-- Source data follows --

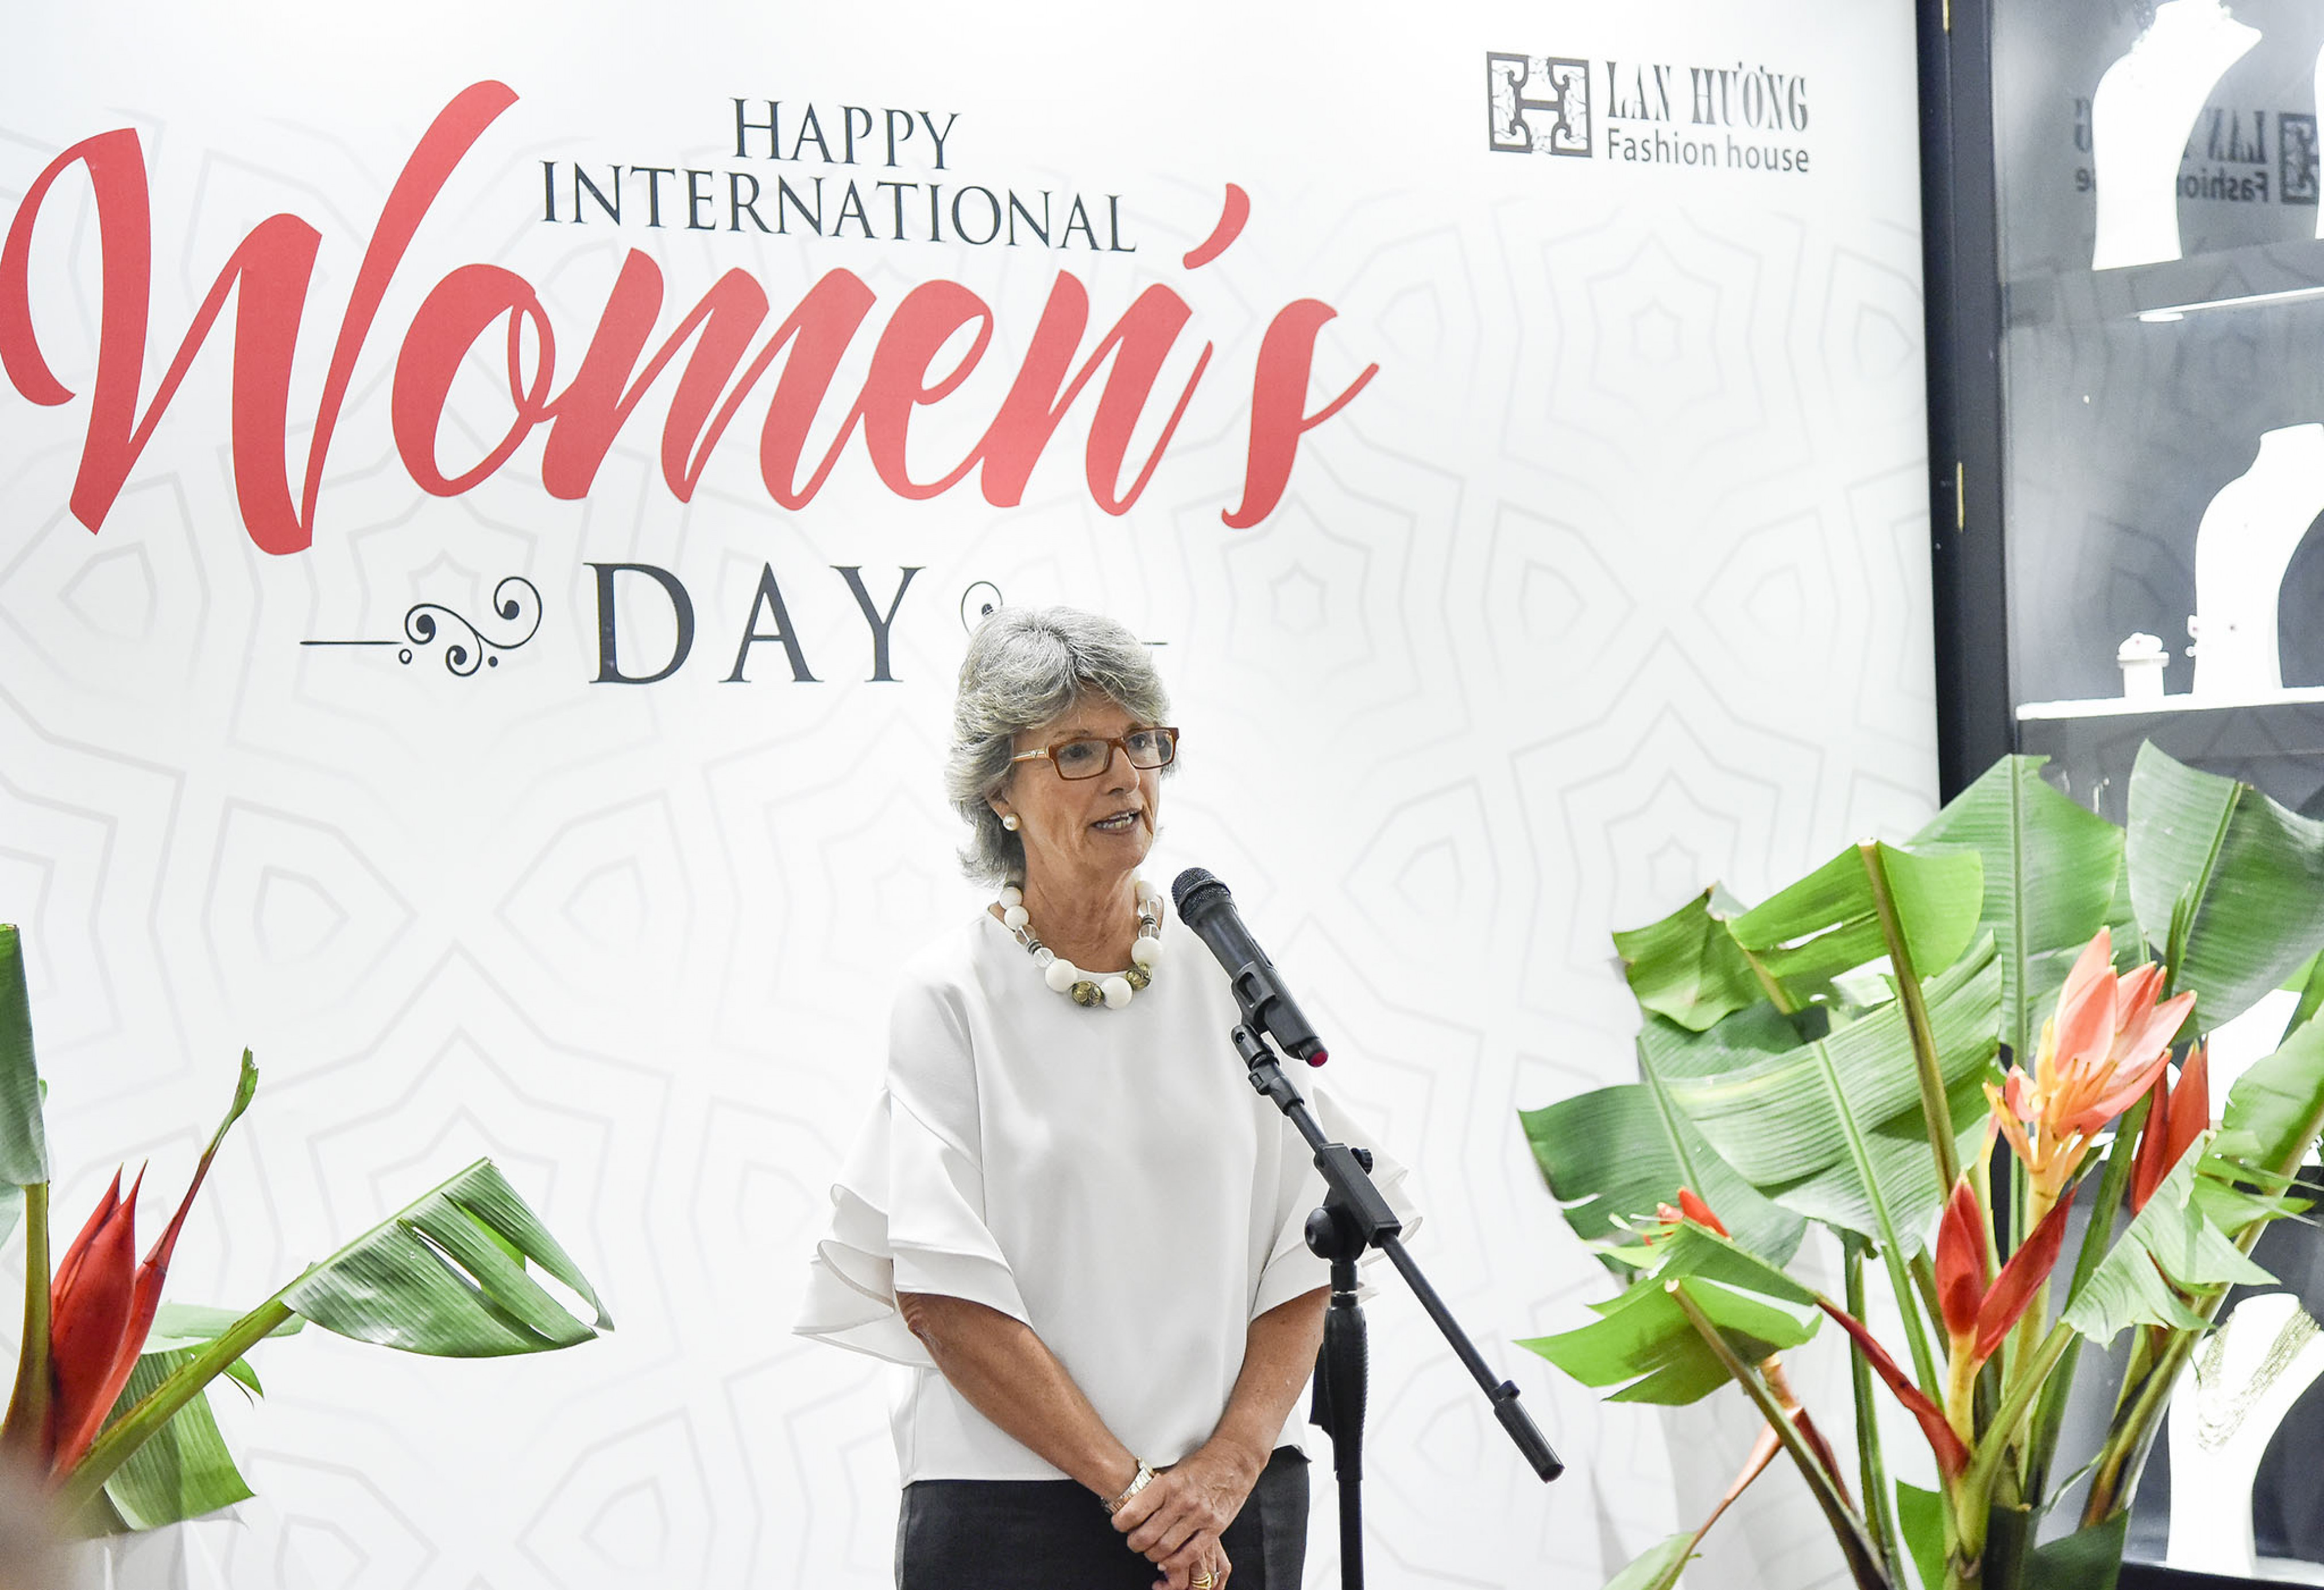 Trên cương vị Đồng chủ tịch Nhóm điều phối về bình đẳng giới, bà Maria Jesus Figa Lopez-Palop Đại sứ Tây Ban Nha tại Việt Nam đặc biệt hoan nghênh sáng kiến của Bộ Ngoại giao và Nhóm AWCH tổ chức buổi gặp mặt rất thân tình giúp thặt chặt tình cảm gắn bó giữa các cán bộ nữ làm công tác đối ngoại.
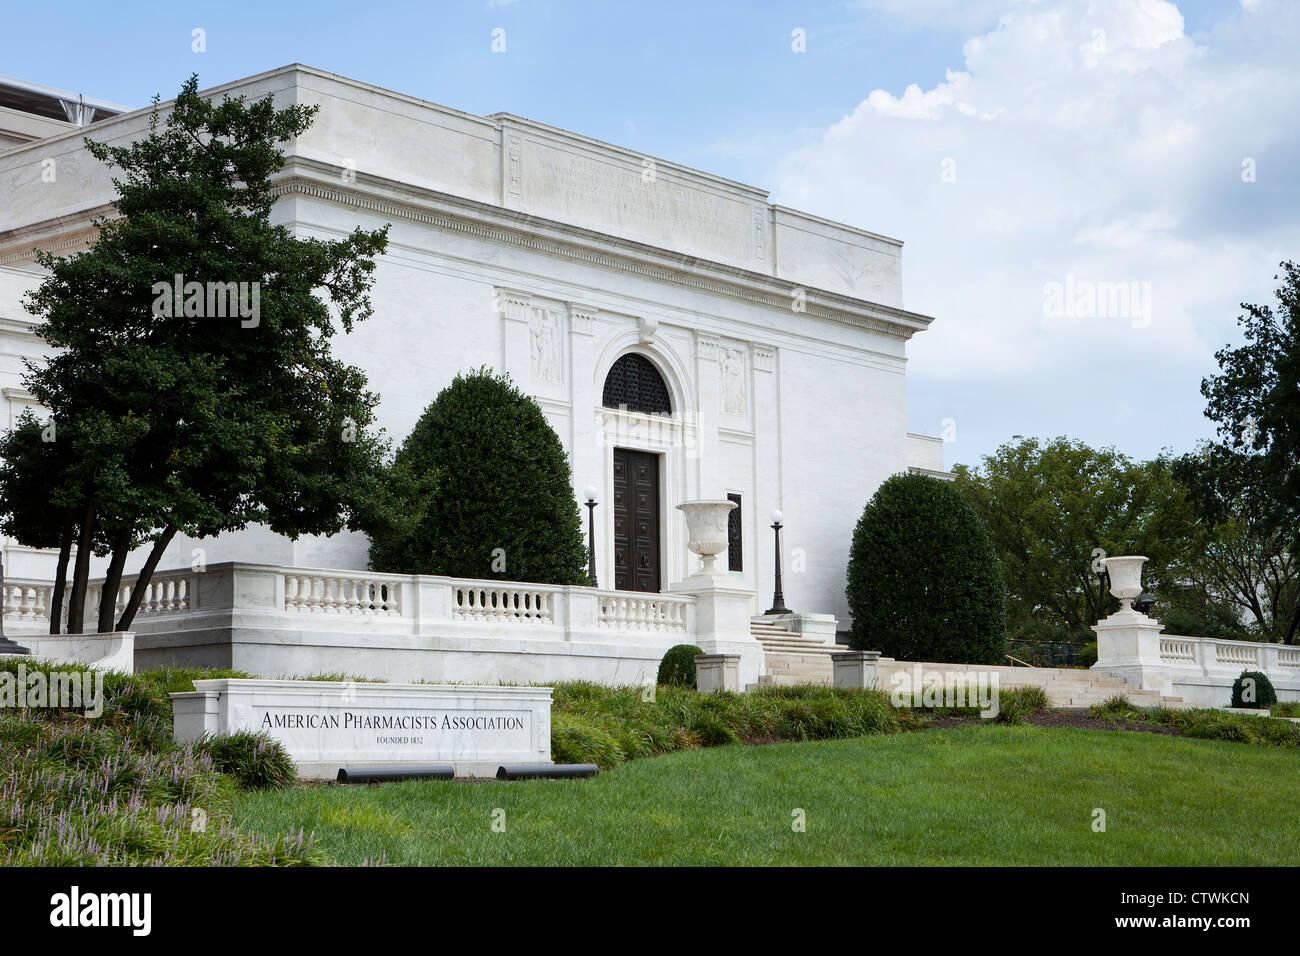 La Asociación de Farmacéuticos de Americanos, Washington, D.C. Imagen De Stock
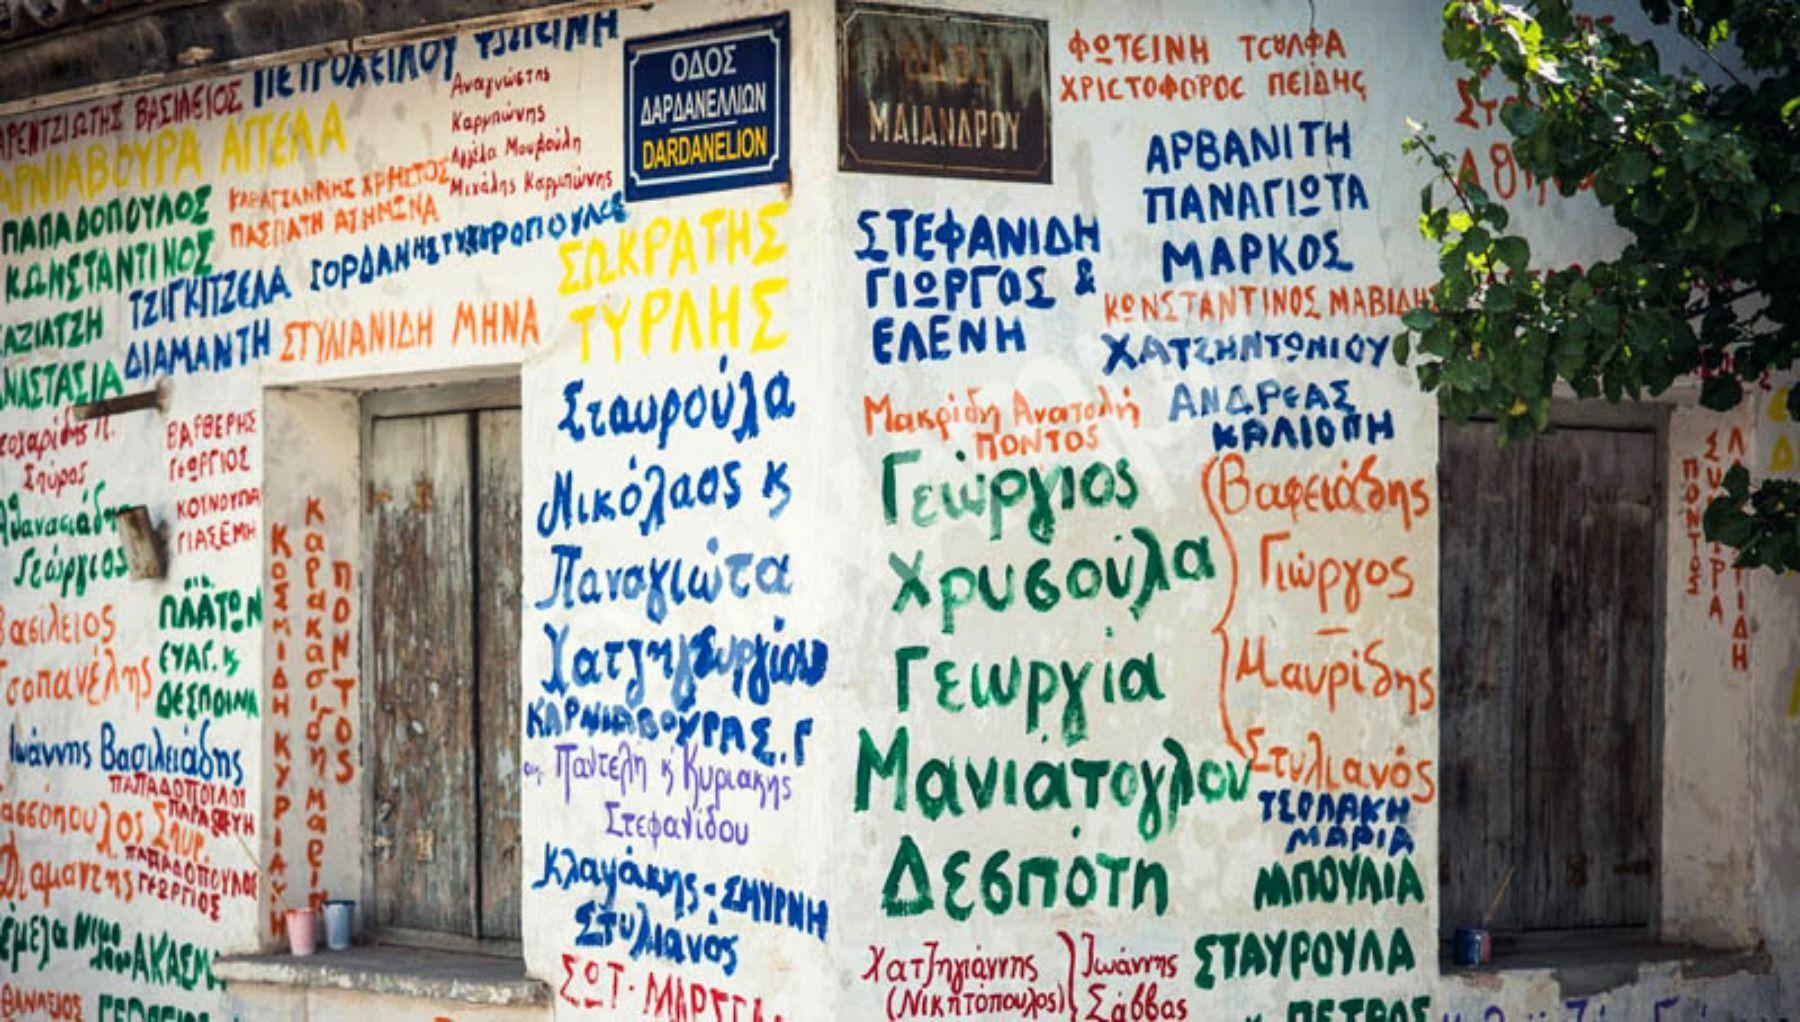 Ευρώπη, κόρη του Φοίνικα: Το πρόγραμμα αυτό εμπνέεται από τη μυθική μορφή της Ευρώπης σε συνδυασμό με την ανθρωπογεωγραφία της Ελευσίνας, μιας πόλης μεταναστών και προσφύγων. Η «Ευρώπη, κόρη του Φοίνικα» επικεντρώνεται στον τρόπο που σχετίζεται η Ευρώπη με τους άλλους λαούς, εστιάζοντας στα ζητήματα μετανάστευσης και προσφυγιάς.

-- Source data concluded --

— Work instruction —
Every line of the listing above is to be repeated exactly, with its pictures left out.

— Task result —
 Trên cương vị Đồng chủ tịch Nhóm điều phối về bình đẳng giới, bà Maria Jesus Figa Lopez-Palop Đại sứ Tây Ban Nha tại Việt Nam đặc biệt hoan nghênh sáng kiến của Bộ Ngoại giao và Nhóm AWCH tổ chức buổi gặp mặt rất thân tình giúp thặt chặt tình cảm gắn bó giữa các cán bộ nữ làm công tác đối ngoại.
 La Asociación de Farmacéuticos de Americanos, Washington, D.C. Imagen De Stock
 Ευρώπη, κόρη του Φοίνικα: Το πρόγραμμα αυτό εμπνέεται από τη μυθική μορφή της Ευρώπης σε συνδυασμό με την ανθρωπογεωγραφία της Ελευσίνας, μιας πόλης μεταναστών και προσφύγων. Η «Ευρώπη, κόρη του Φοίνικα» επικεντρώνεται στον τρόπο που σχετίζεται η Ευρώπη με τους άλλους λαούς, εστιάζοντας στα ζητήματα μετανάστευσης και προσφυγιάς.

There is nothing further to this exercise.